In just five short years, Weaves have become one of Canada’s most renowned indie rock bands, their debut full-length album earning prestigious nominations for both the Polaris Music Prize and the Juno Awards. Little more than a year later, the Toronto quartet returns with Wide Open, a contemplative, expertly-crafted follow-up that greatly expands the band’s sonic spectrum without abandoning their core pop punk ethos.
The band has referred to their latest offering as its “Americana” record, a comparison that starts to make sense when it’s not taken literally. Indeed, Wide Open is a record that gathers disparate influences and styles, including a variety of roots-indebted sounds, and merges them into a surprisingly cohesive whole: the infectious power pop of “Walkaway,” the album’s centerpiece; the experimental jazz stylings of “Scream,” which features Tanya Tagaq; the Tom Petty-esque heartland rock of “Grass;” and the gentle bedroom folk that begins “Puddle.”

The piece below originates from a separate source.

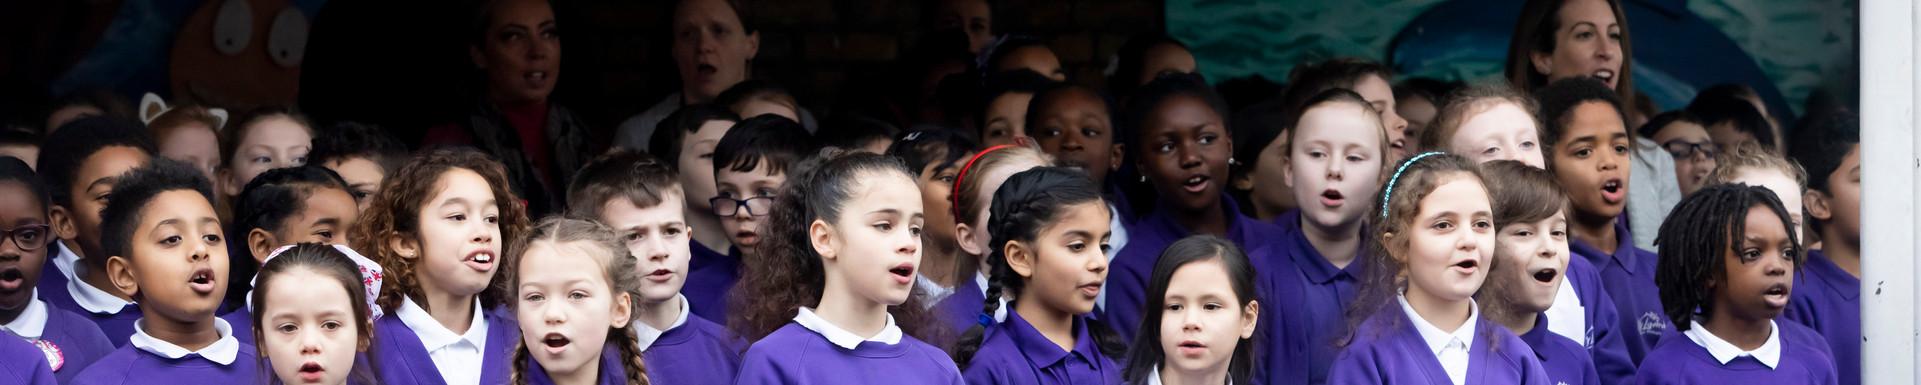 Lavender School Enfield, singing childre

OLead singer Jasmyn Burke has also sharpened her focus as a songwriter, which is most apparent on socially-conscious anthems like “Wide Open” and “Scream.” “We are living in a time when misery is just common circumstance,” she sings on the latter. “I am frozen, I’m sublime, I am searching for some fresh watermelons.” Whether they’re incorporating fresh sounds or crafting newly-inspired punk didactics, Weaves has never sounded as self-assured, or as resolutely urgent, as they do on Wide Open.